• Task statement: Among the entries below, copy only the span from the line containing "Tom and Jerry" through the line containing "La stupenderia Green". Do so exactly, and skip the pictures.
**** Records provided ****
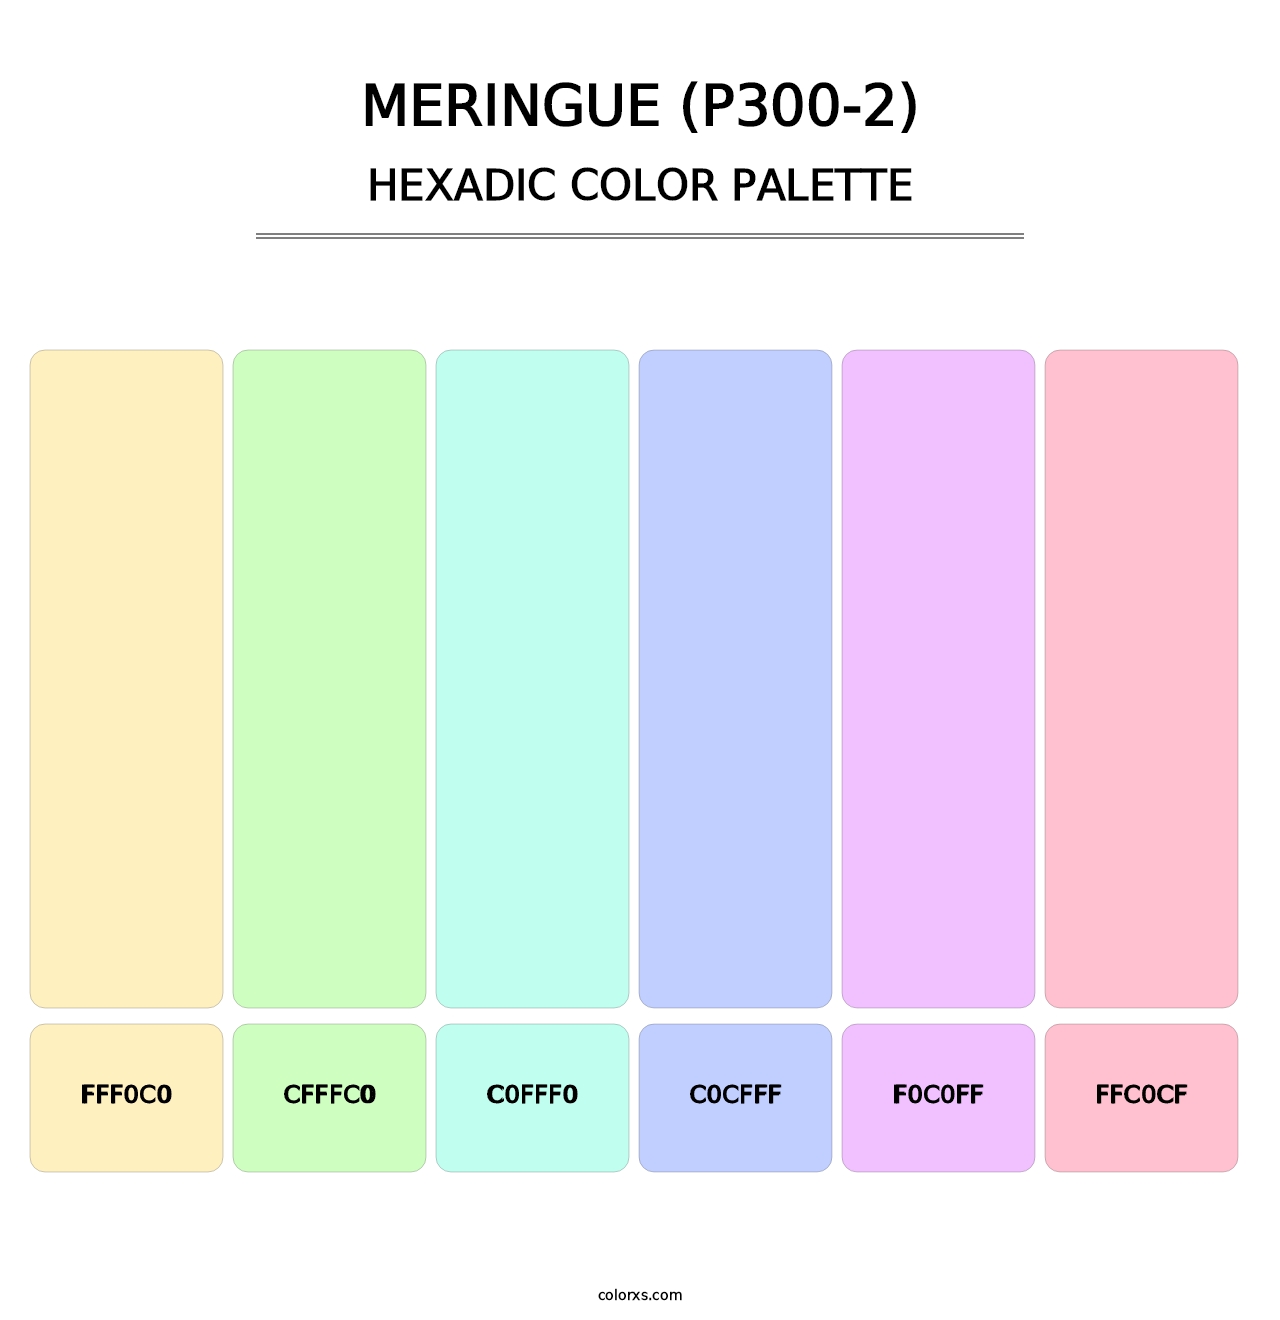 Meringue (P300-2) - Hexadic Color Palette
****
**** Records provided ****
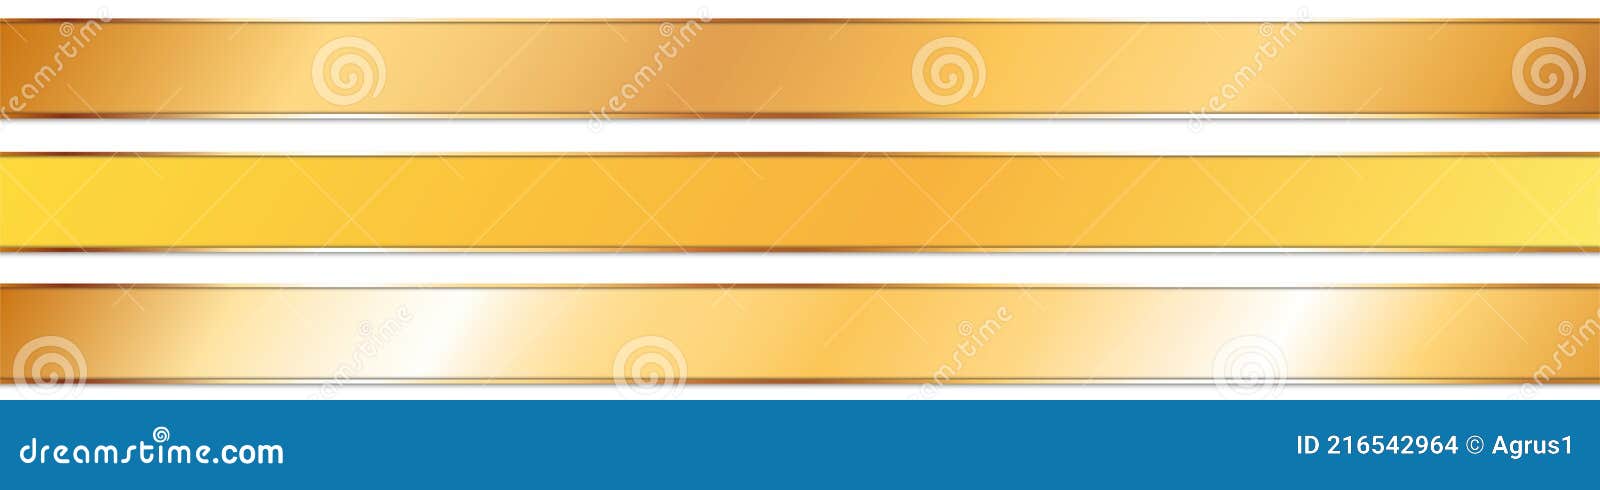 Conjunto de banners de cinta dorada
****
**** Records provided ****
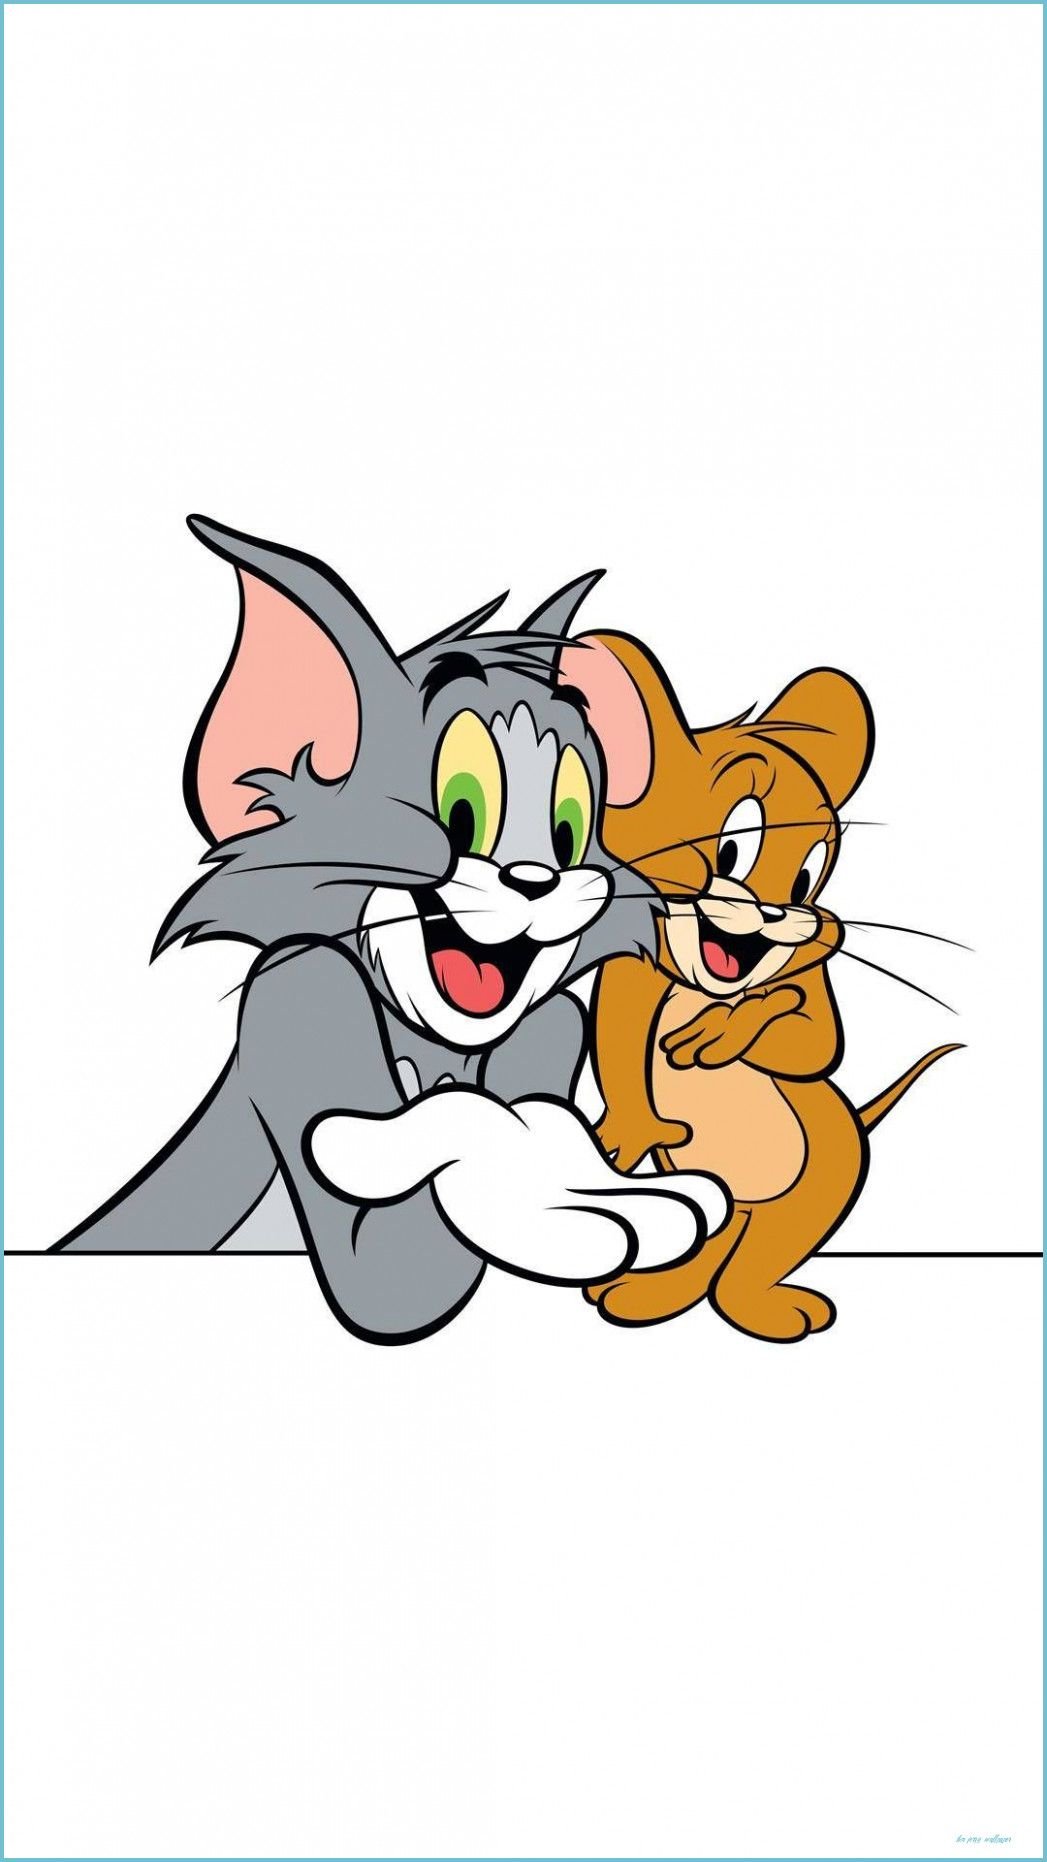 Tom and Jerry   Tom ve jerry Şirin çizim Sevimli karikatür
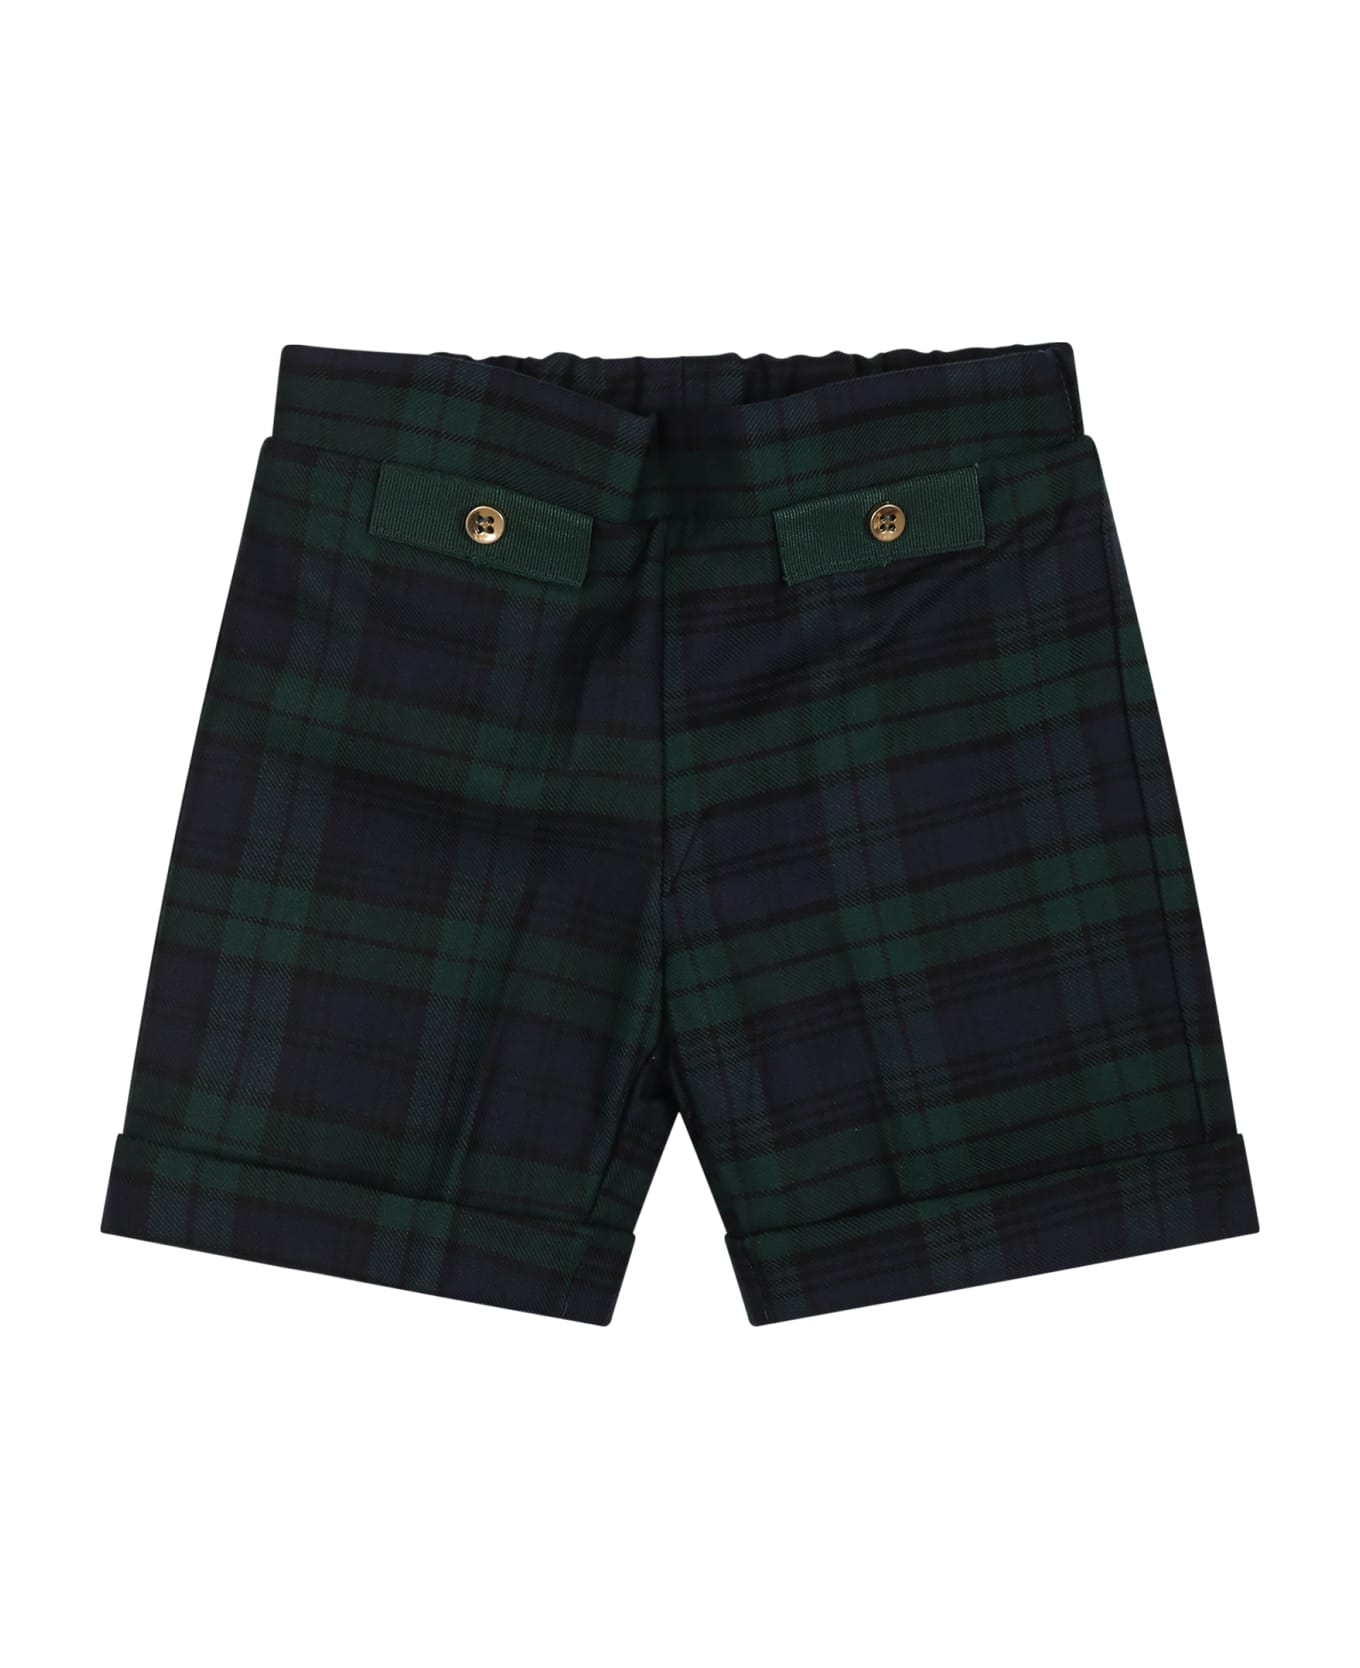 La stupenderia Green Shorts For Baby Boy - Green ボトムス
****
• Response area:
 Tom and Jerry   Tom ve jerry Şirin çizim Sevimli karikatür
 La stupenderia Green Shorts For Baby Boy - Green ボトムス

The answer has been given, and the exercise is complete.